Rebuilding Place in the Urban Space

"A community’s physical form, rather than its land uses, is its most intrinsic and enduring characteristic." [Katz, EPA] This blog focuses on place and placemaking and all that makes it work--historic preservation, urban design, transportation, asset-based community development, arts & cultural development, commercial district revitalization, tourism & destination development, and quality of life advocacy--along with doses of civic engagement and good governance watchdogging.

Sunday, October 14, 2018

Old streetcar track peeking out of the pavement at 8th St. and Florida Avenue NE, from the 90 streetcar line

Old streetcar track peeking out of the pavement at 8th St. and Florida Avenue NE, from the 90 streetcar line

I noticed this yesterday when I was cycling over to the H Street Festival.

Streetcars stopped running in DC in 1962.

PCC 1512 (Silver Sightseer) on January 27 1962, Courtesy the Joe Testagrose collection via Dave's Railpix. Probably on U Street NW. Note the direction sign says "Navy Yard."

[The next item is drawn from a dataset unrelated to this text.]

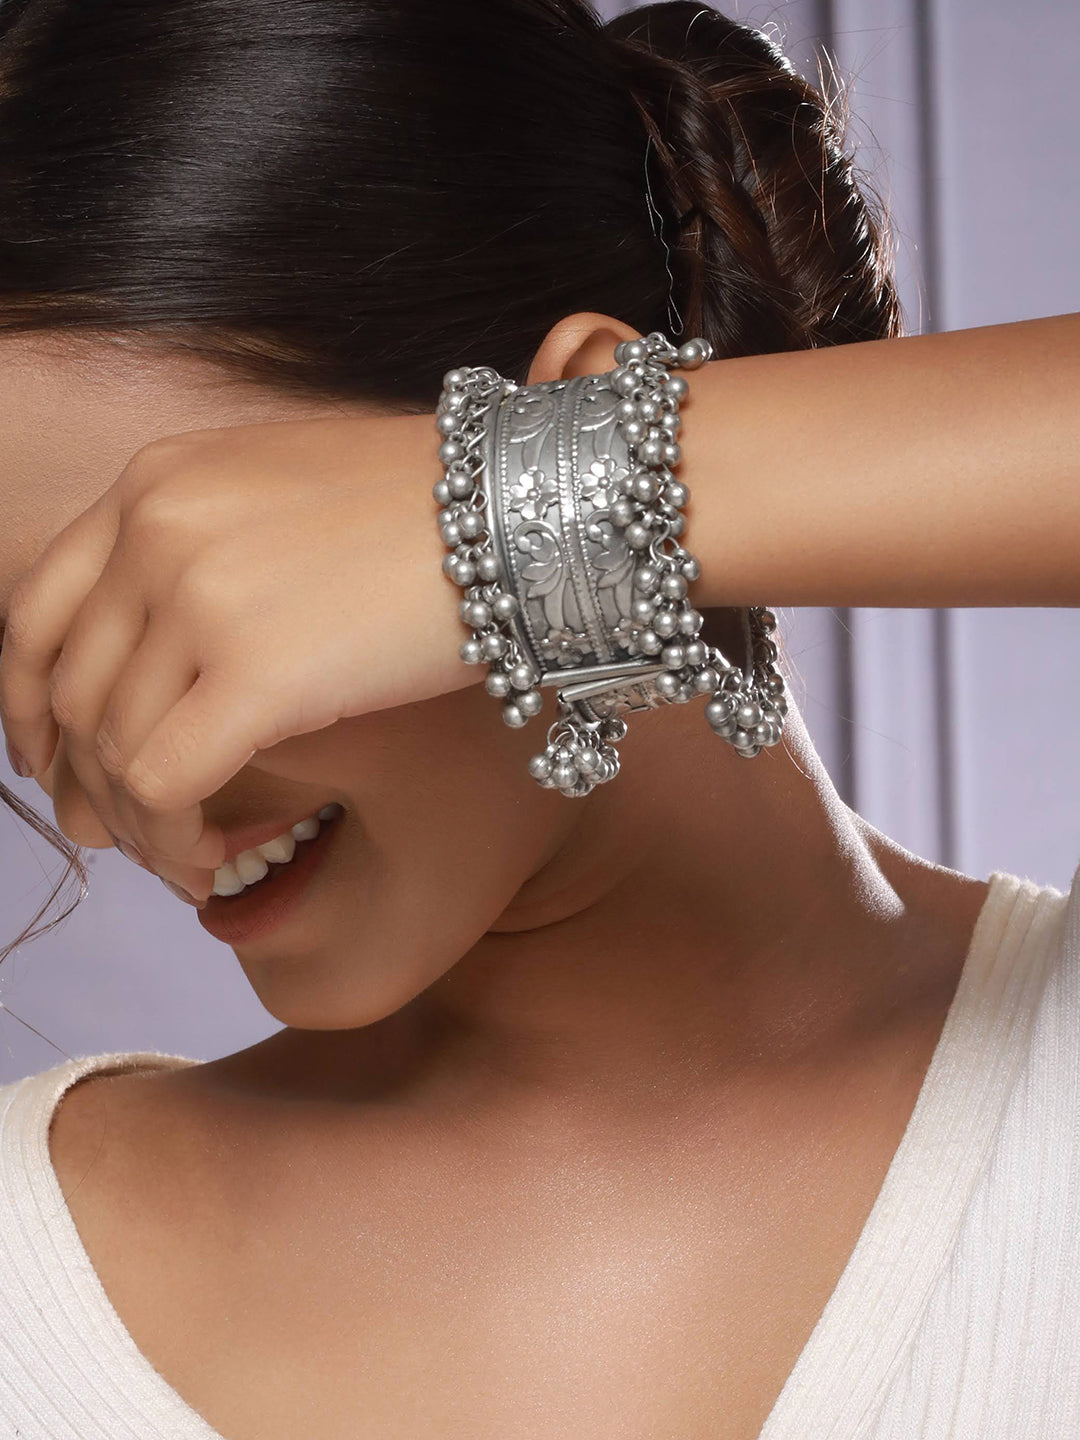 German Silver Oxidised Silver-Plated Bangle-Style Bracelet

The 90s line ran from the edge of Adams-Morgan (end stop at the Calvert Street Bridge) to the Navy Yard in Southeast DC, which was a major employment center -- and manufacturing facility.    (Calvert Street, 18th Street, U Street, Florida Avenue, 8th Street NE and 8th Street SE.)

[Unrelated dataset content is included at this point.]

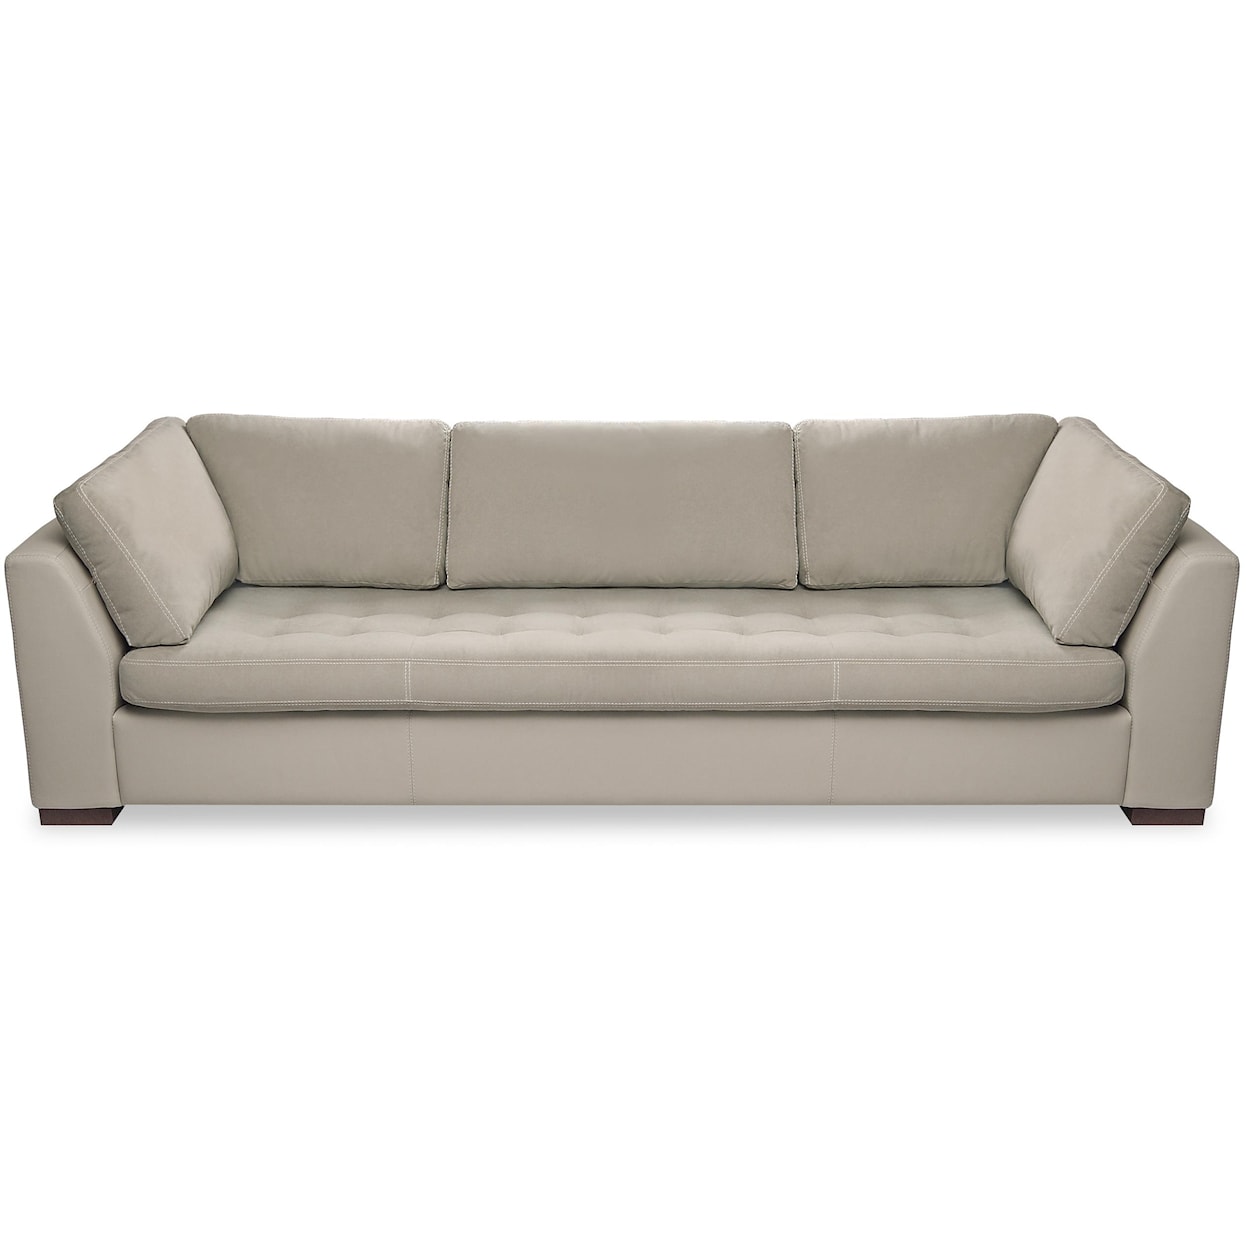 American Leather Astoria Sofa

Today's Metrobuses in DC with numbers like 90 or 42 or 30 represent that they are continuations of the old streetcars that previously ran those routes.

For many years, the streetcar tracks were still embedded in the street with no special treatment but in the 1970s, a bicyclist sued the city because of an accident involving embedded tracks.  The tracks were kept on O and P Streets NW in Georgetown as a significant architectural feature of the area's historic district.  Otherwise they were either removed or paved over (this is true in many places of streets originally paved in asphalt block too).